Facial EMG is an EMG method that measures and analyses the electrical activities of muscle movement. It senses and amplifies the small electrical impulses that are produced by muscle strings when they expand and contract on the face. By mounting electrodes on the muscle surface, the action amount can be measured.
The application of EMG signal processing is multifold. It can be used to diagnose neuromuscular disease, control artificial organs, and identify pain [1,2,3]. Studies in [4] depict an automated pain assessment using wearables and fog computing. The system is composed of sensors that collect EMG signals, a micro-controller for pre-processing and signal transmission, and fog and cloud computing that run machine-learning algorithms for pain assessment. Fog and cloud computing help in reducing the latency, addressing the security, and reducing the power consumption.
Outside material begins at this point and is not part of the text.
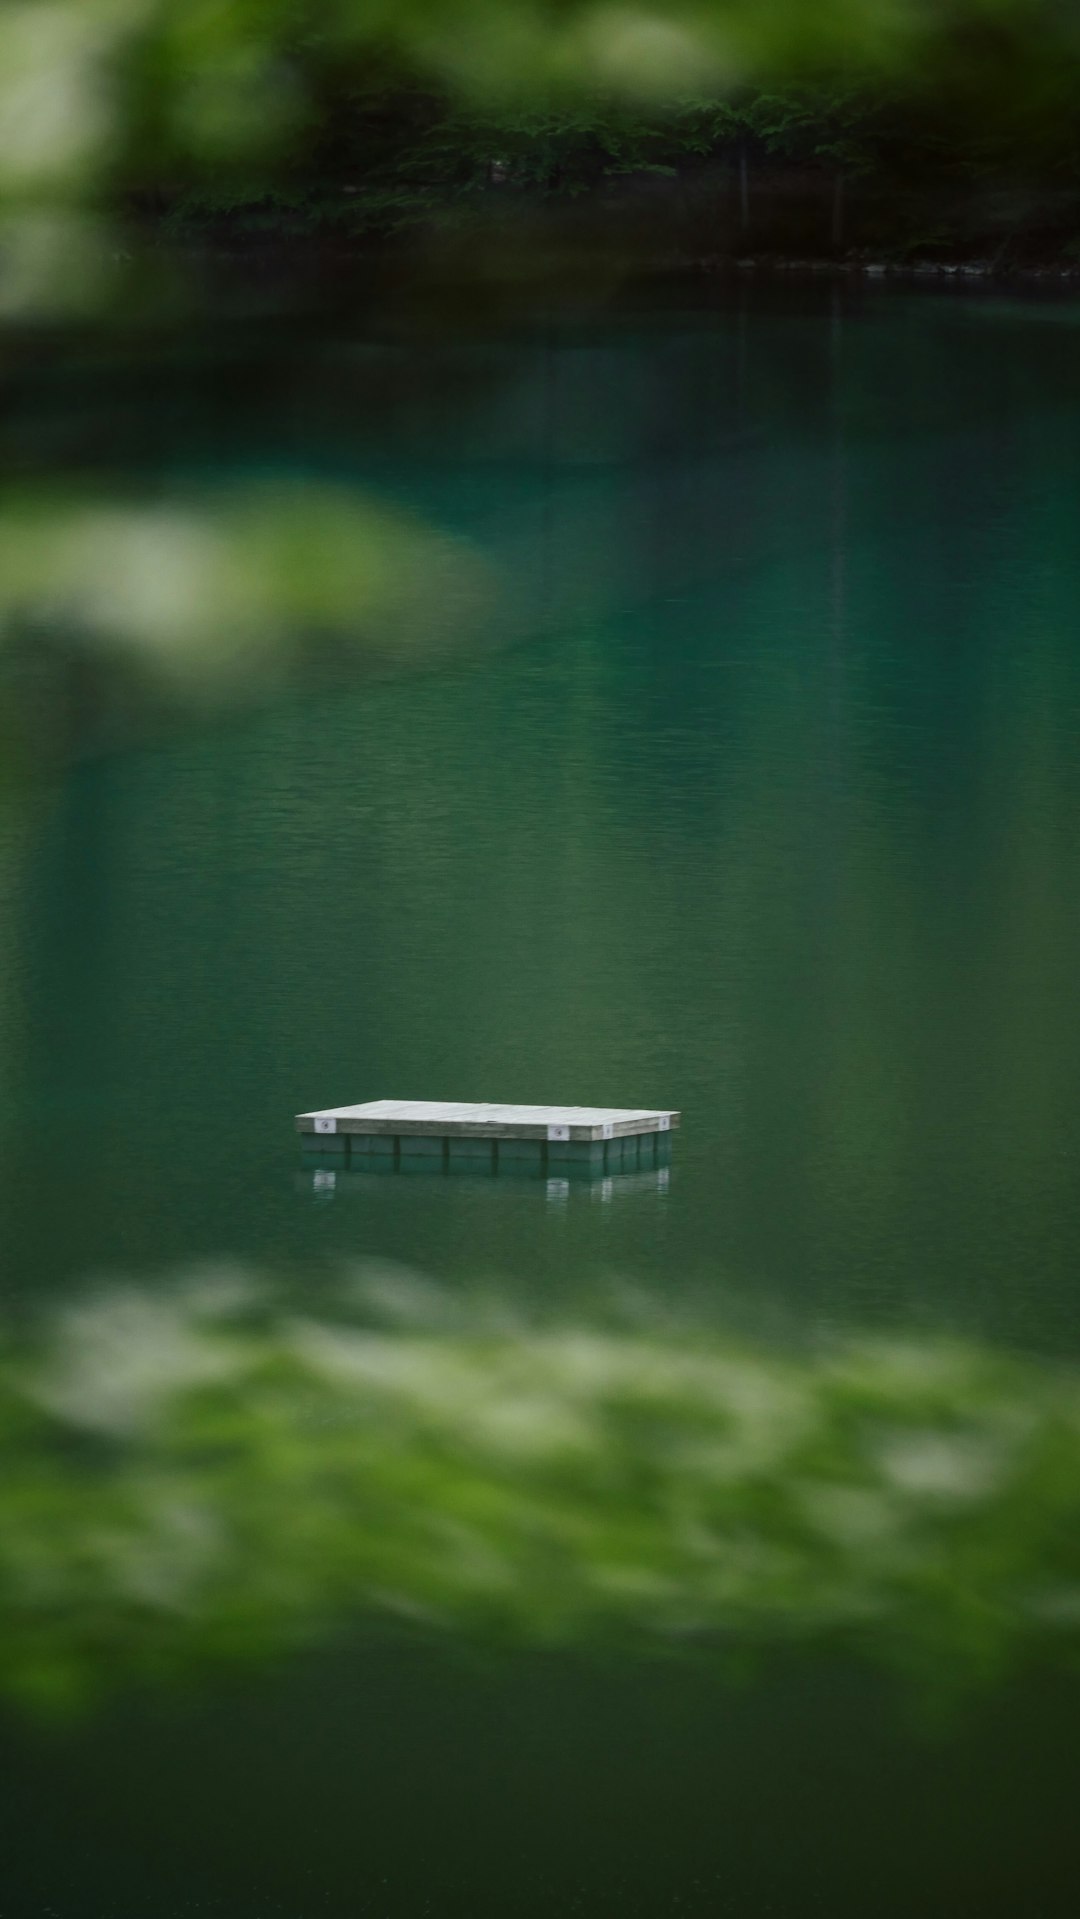 white wooden dock on lake during daytime

Further details are provided in many published and reported studies [4,5]. In e-health, particularly in remote pain assessment, the fog layer is responsible for processing and detecting the pain level per patient or per hospital [4].
Studies in the BioVid Heat Pain database collection have also shown how the measured signal is associated with negative or positive emotions [6]. Researchers have discussed how outward emotional activities such as smiles [7,8] are used in supplementary compound circumstances and how the smiling action may be hard to understand, as smiles can be sarcastic, smirking, and wry as well as expressions of real optimistic sensation.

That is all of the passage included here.